■ DIRECTIONS FOR THIS TASK
Each line in the material below must be transcribed exactly; no picture belongs in the copy.

■ DATASET EXCERPT
*-*-*

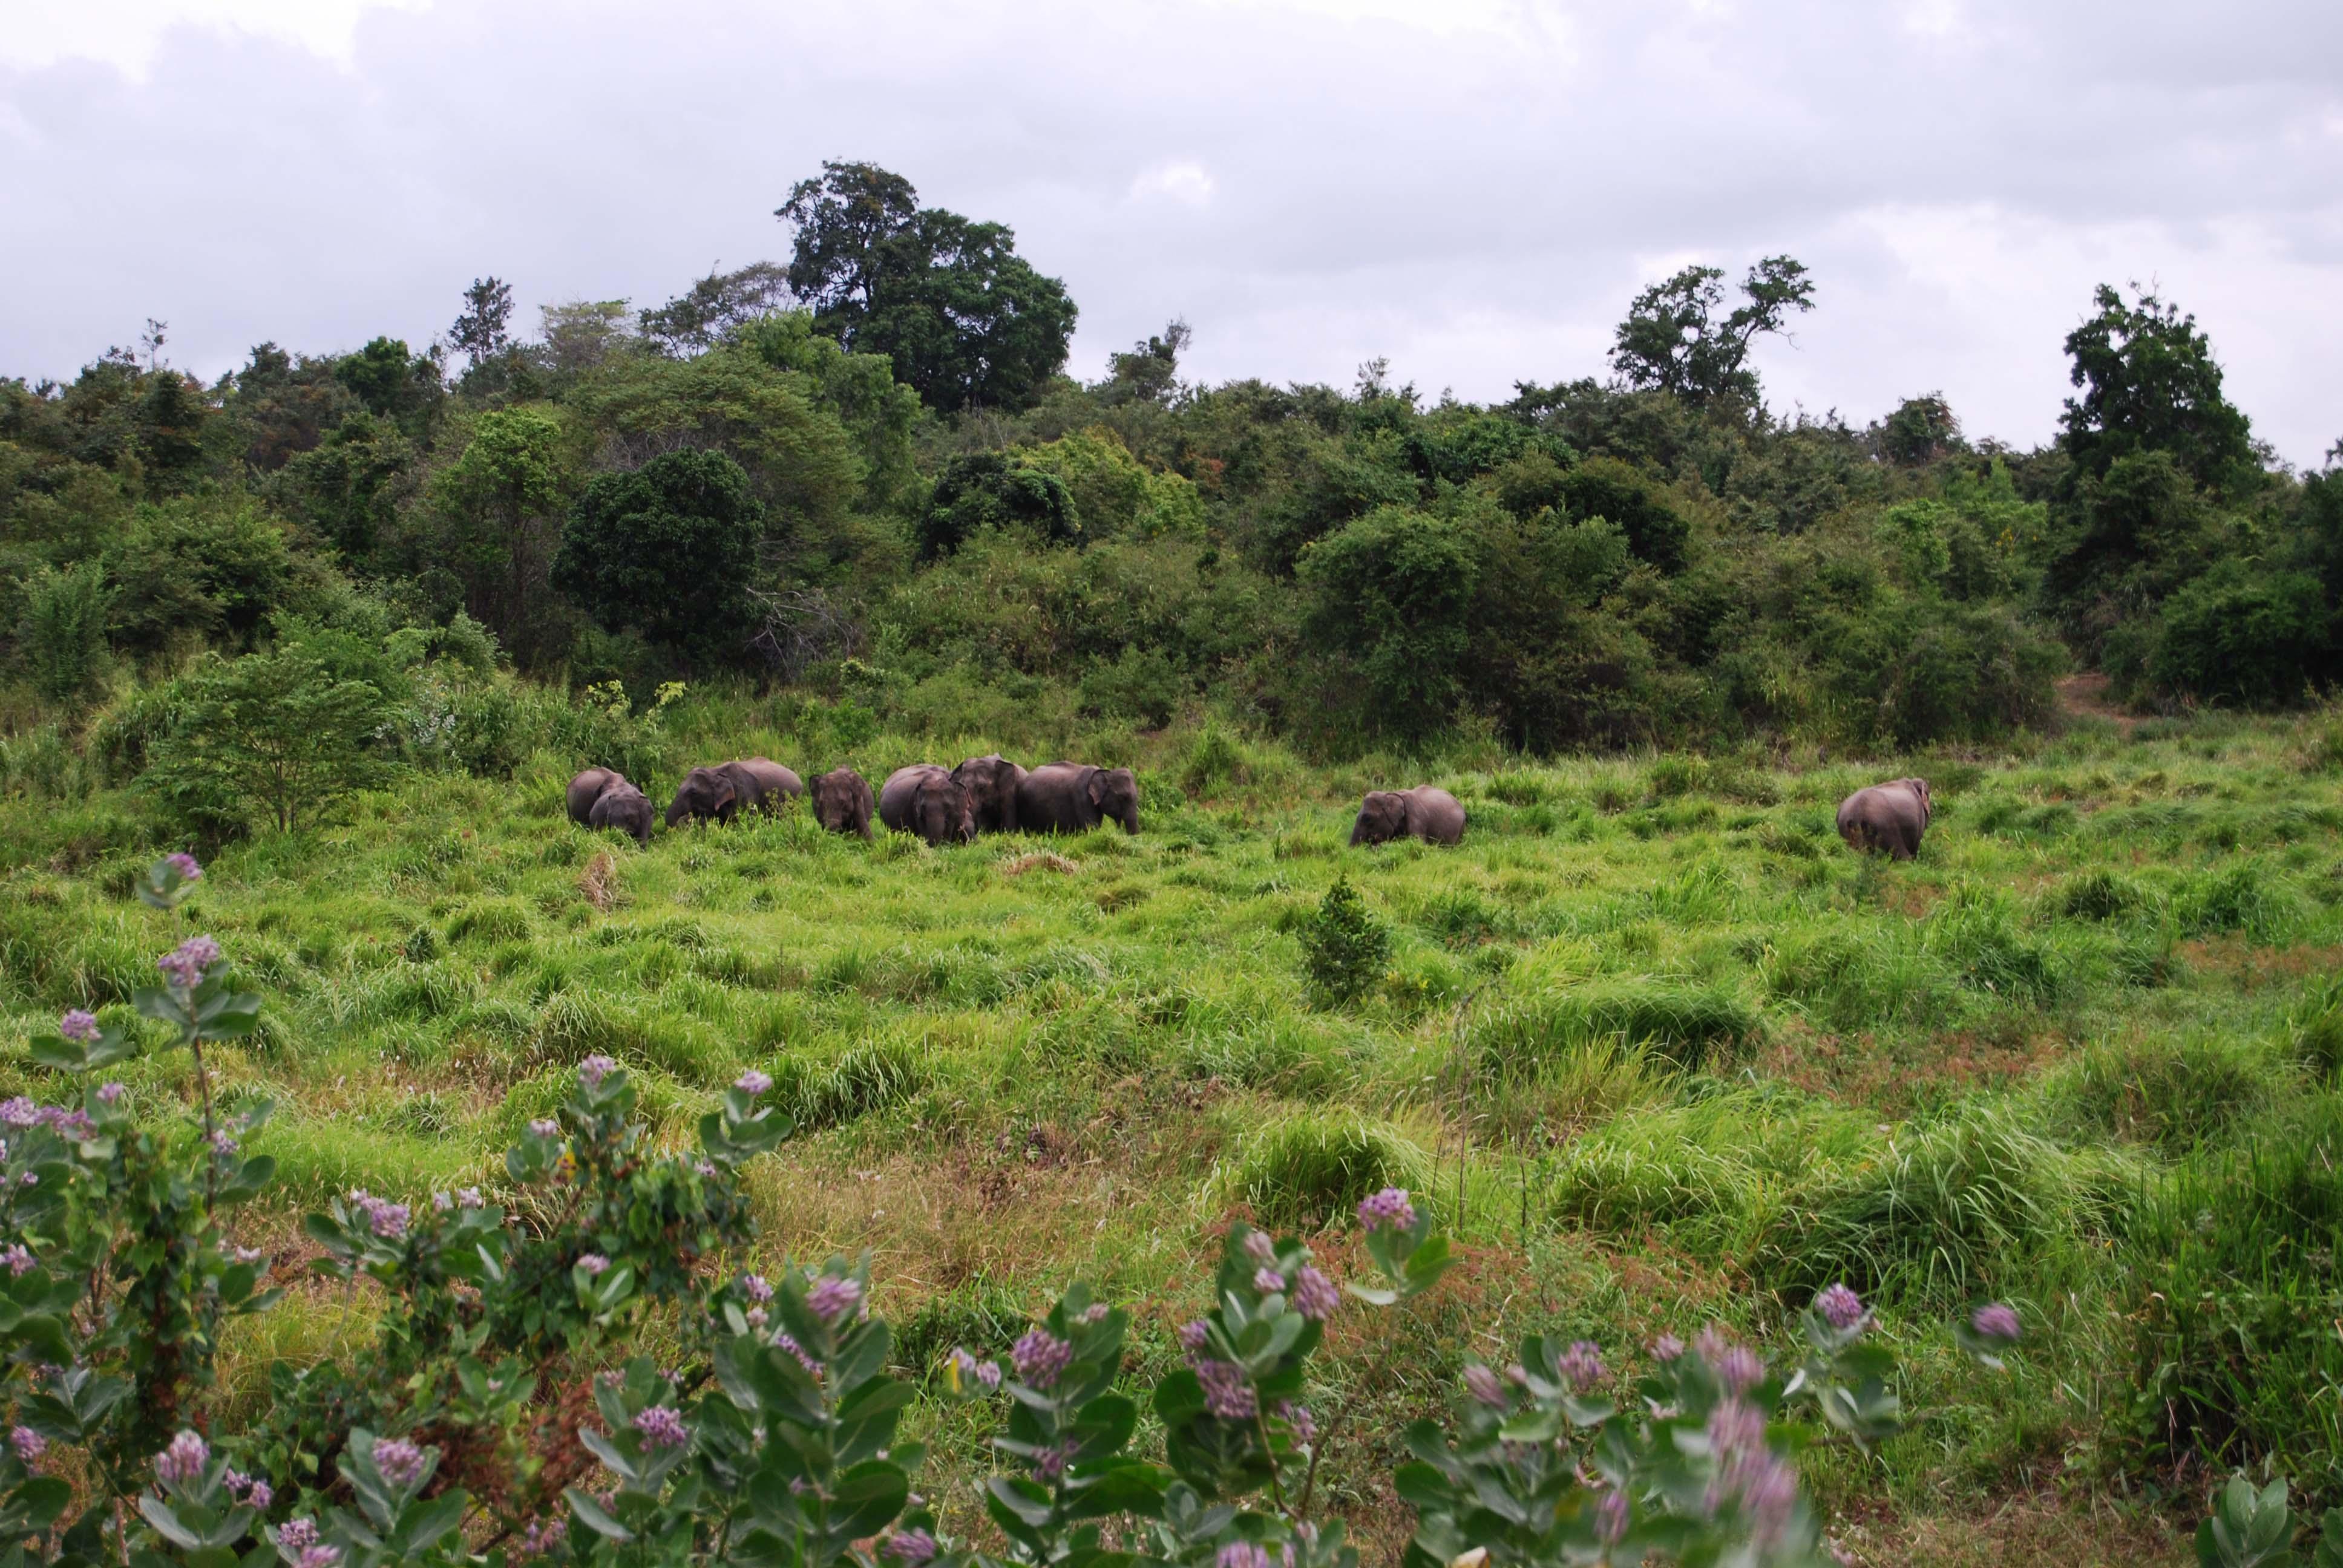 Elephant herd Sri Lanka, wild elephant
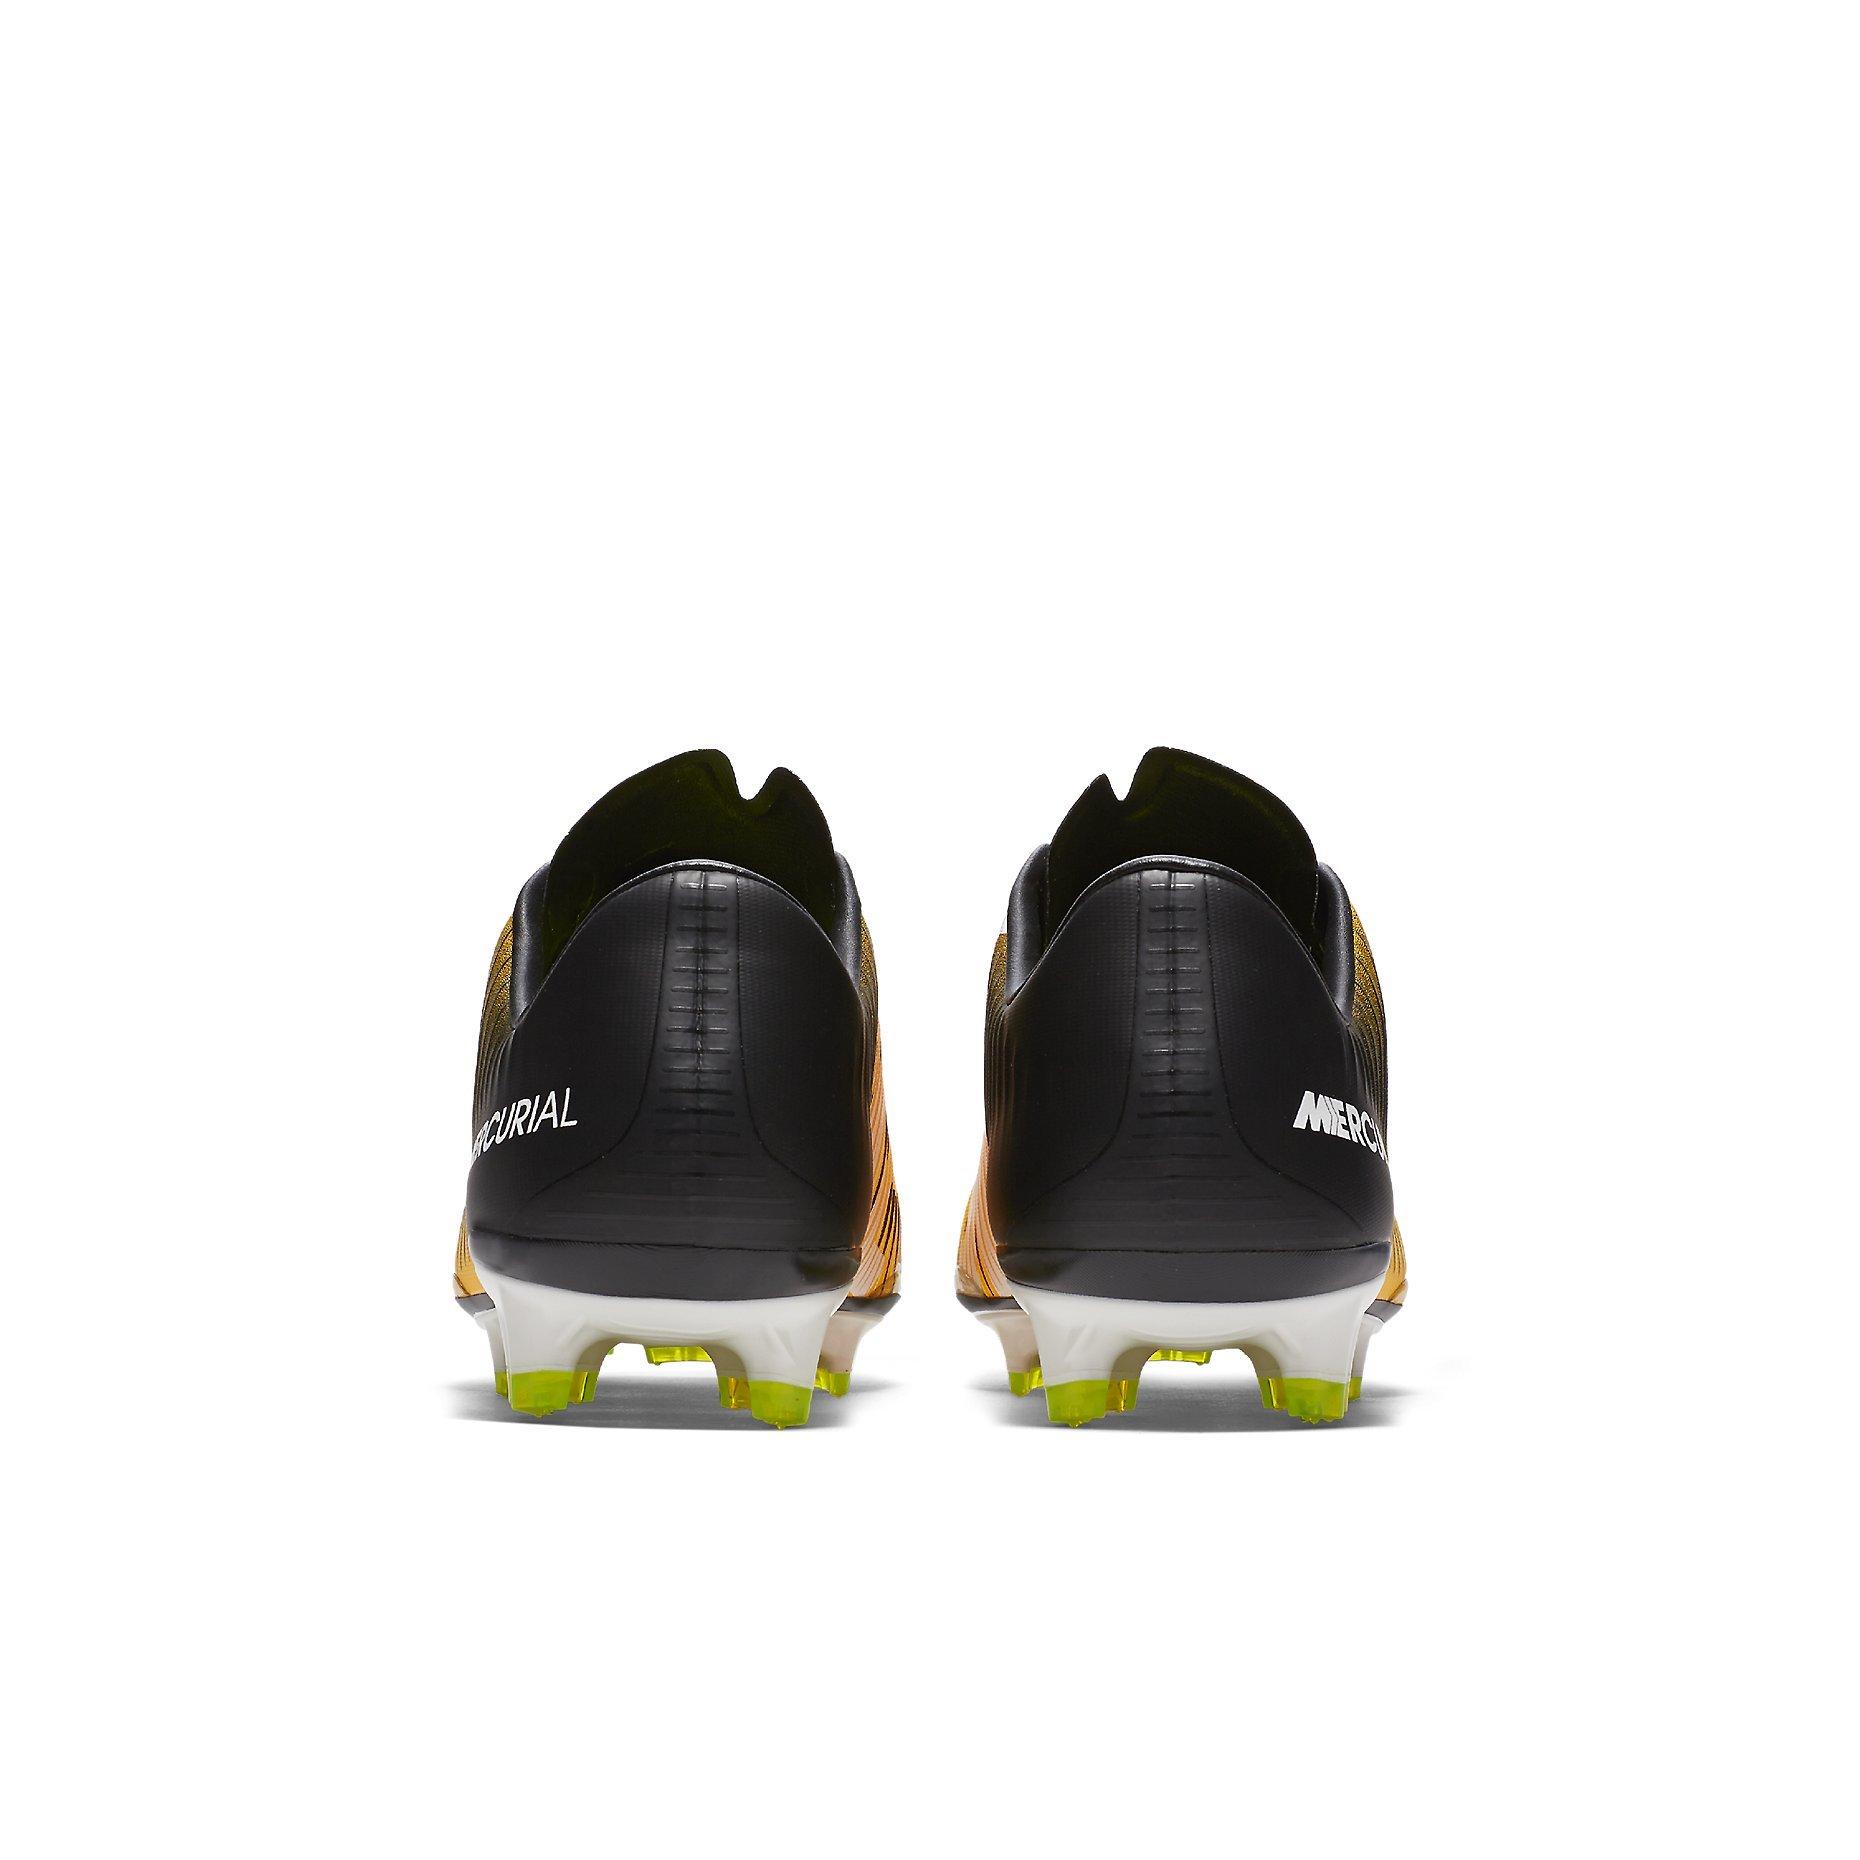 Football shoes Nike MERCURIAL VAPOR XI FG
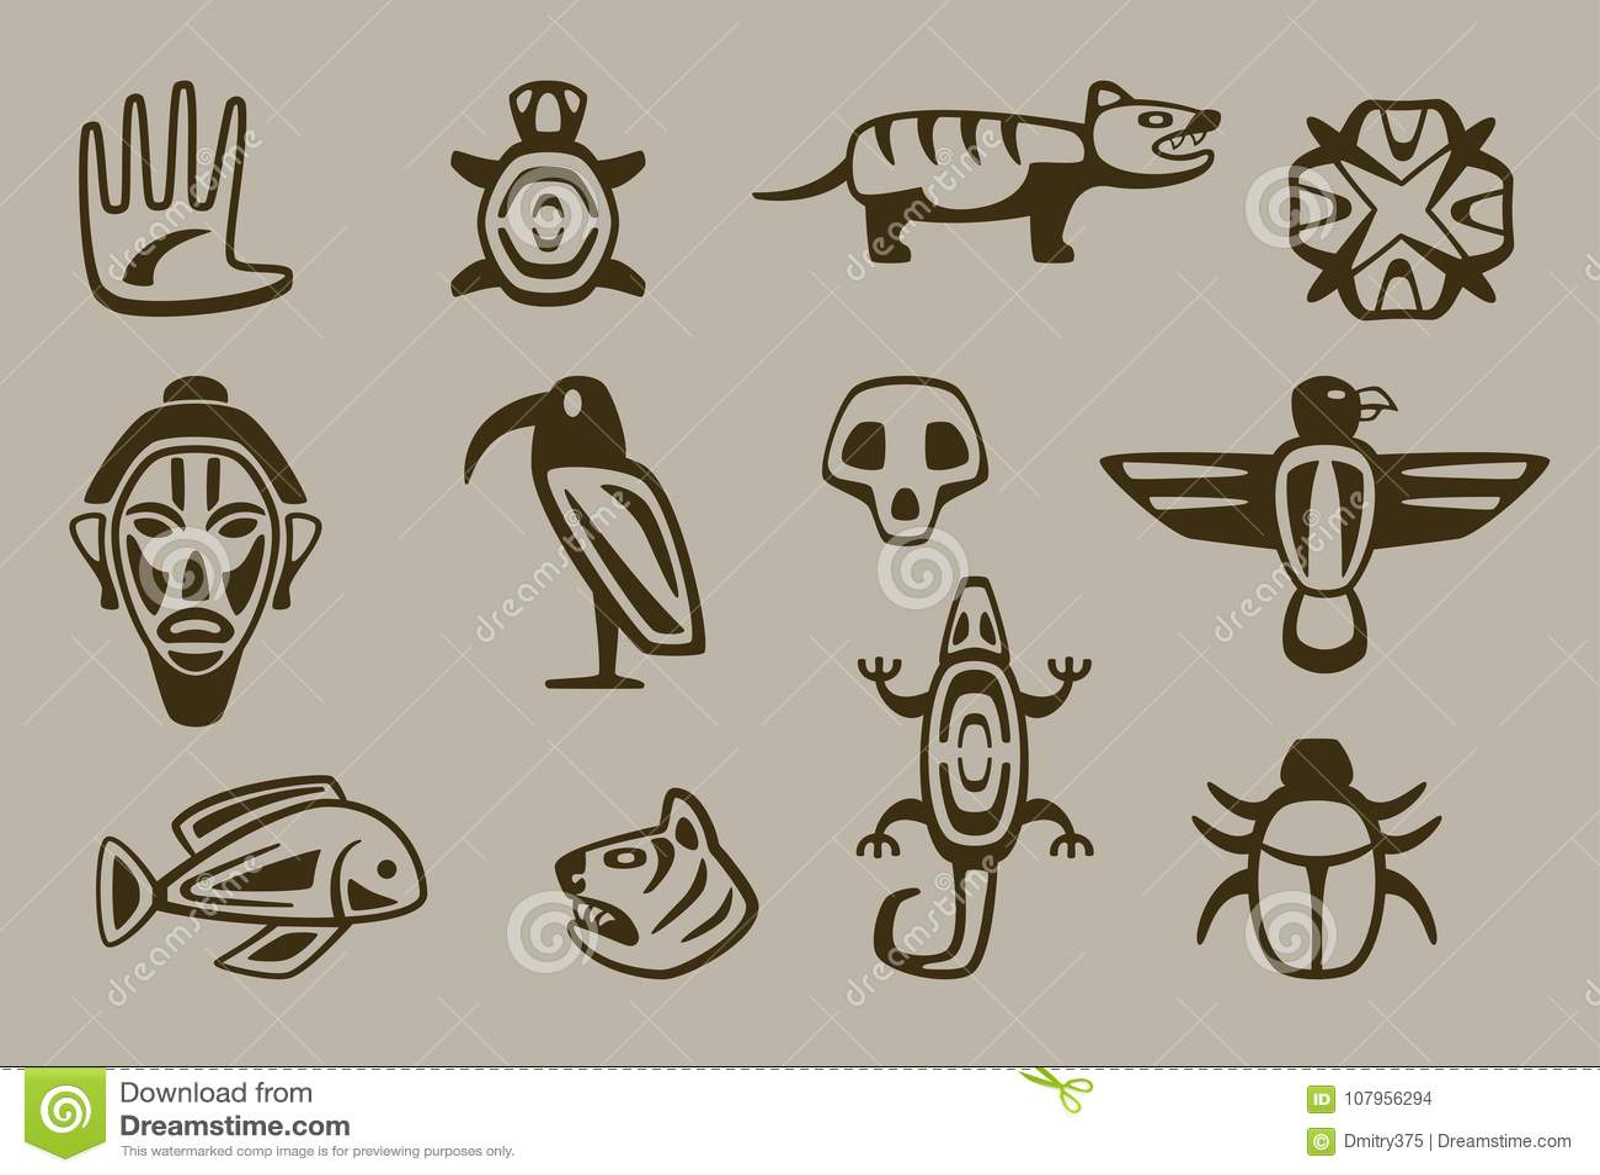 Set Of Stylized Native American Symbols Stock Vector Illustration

*-*-*

■ ANSWER SPACE
 Elephant herd Sri Lanka, wild elephant
 Football shoes Nike MERCURIAL VAPOR XI FG
 Set Of Stylized Native American Symbols Stock Vector Illustration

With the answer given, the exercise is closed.